For leptospirosis, it is always best given along with ABM, which is Agaricus Blazei Murrill. This has a very strong regulating effect on the immune system. Thus, the intracellular pathogens can be better eliminated. And ABM does much more: it stimulates blood formation in the bone marrow and detoxifies the liver quite moderately.

Like all fungi, it also maintains antioxidant enzymes, such as superoxide dismutase (SOD). This enzyme destroys superoxide radicals, protecting cells from free radicals.

Pleurotus - important fungus for healthy intestinal flora

Since animals with leptospirosis are given different types of antibiotics, it is of course useful to provide additional support for the immune system. 80% of the immune system is located in the intestine. Therefore, it is definitely important to rebuild the intestinal flora. Here, the fungus Pleurotus comes into question quite particularly.

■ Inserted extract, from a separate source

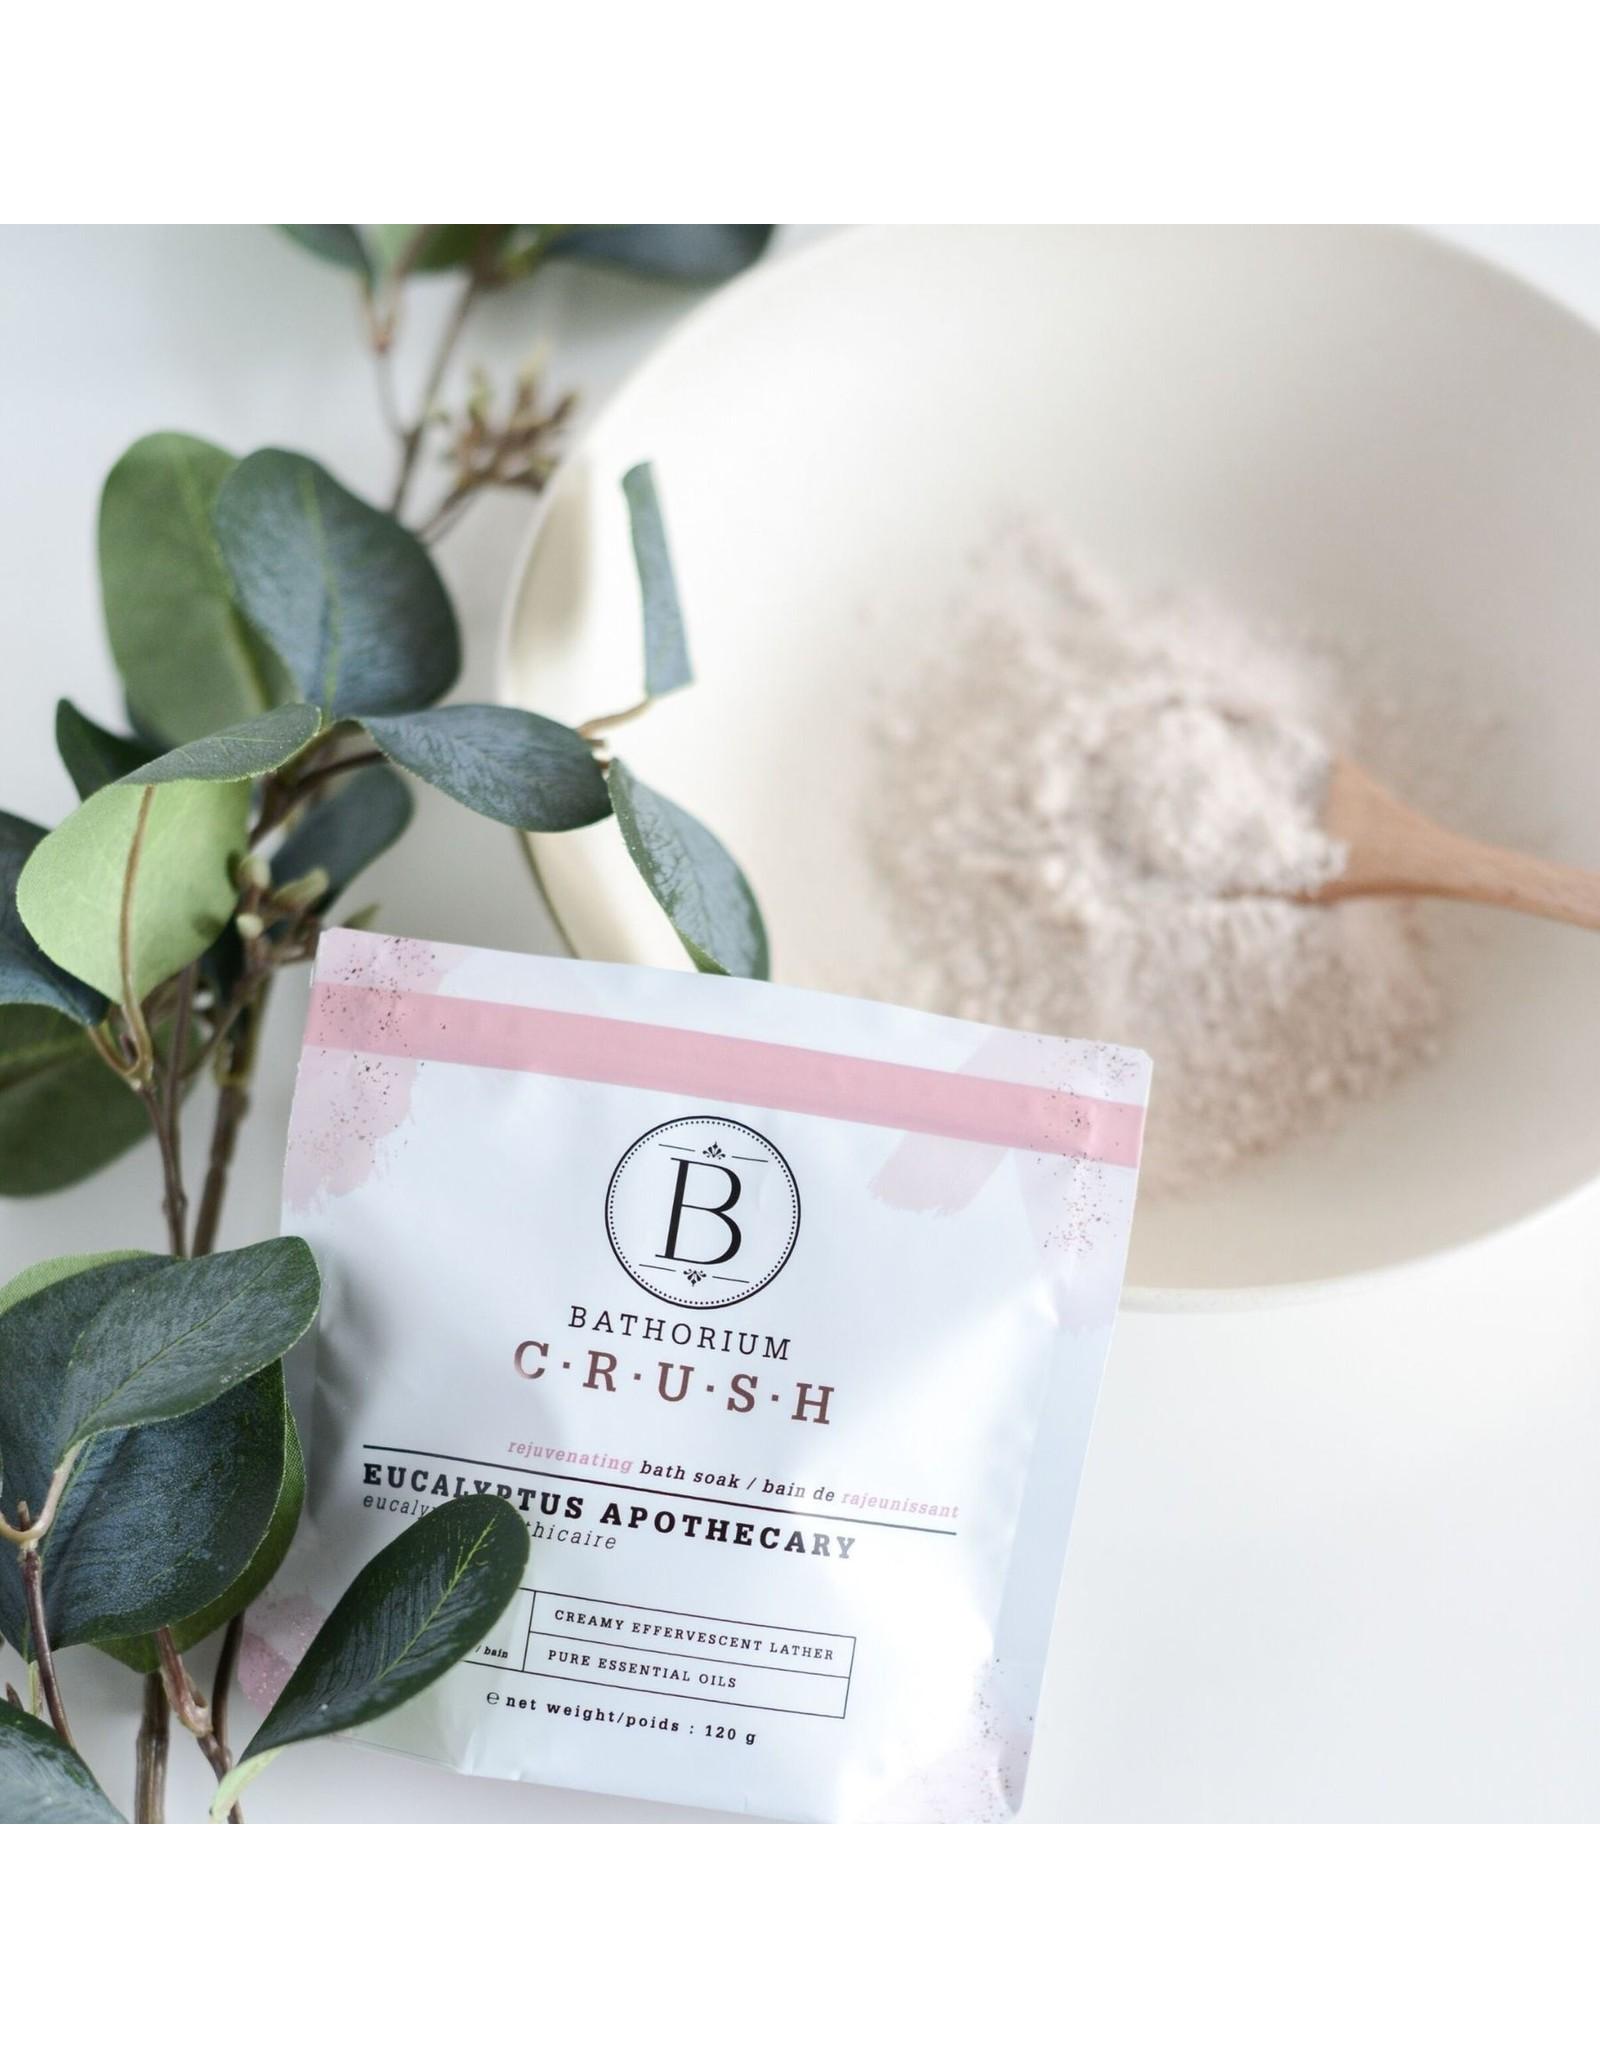 Bathorium - Eucalyptus Apothecary Crush

Pleurotus is able to rebalance the intestinal bacteria. It supports the growth of probiotic bacteria in the intestinal mucosa and it increases the production of lactobacilli, of enterococci and of bifiobacteria. Pleurotus also has a liver-protective and a strong antibiotic effect. The antibiotic pleurotin is obtained from this fungus.

Other herbal support

Besides vital mushrooms, of course, you can support the animals with other means, for example, with various medicinal plants and antioxidants. Very effective antioxidants are the OPC (oligomeric procyanidins). They fight free radicals and are particularly suitable for all inflammatory processes.

Equally valuable is the nettle. It is quite excellent medicinal plant with strengthening effect on the immune system. Nettle has many antioxidants, anti-inflammatory action and analgesic properties.

For mushroom powders there are many suppliers

You will find trustworthy suppliers with controlled organic cultivation in Germany, but unfortunately also less recommendable importers of cheap goods. Read what is important when buying.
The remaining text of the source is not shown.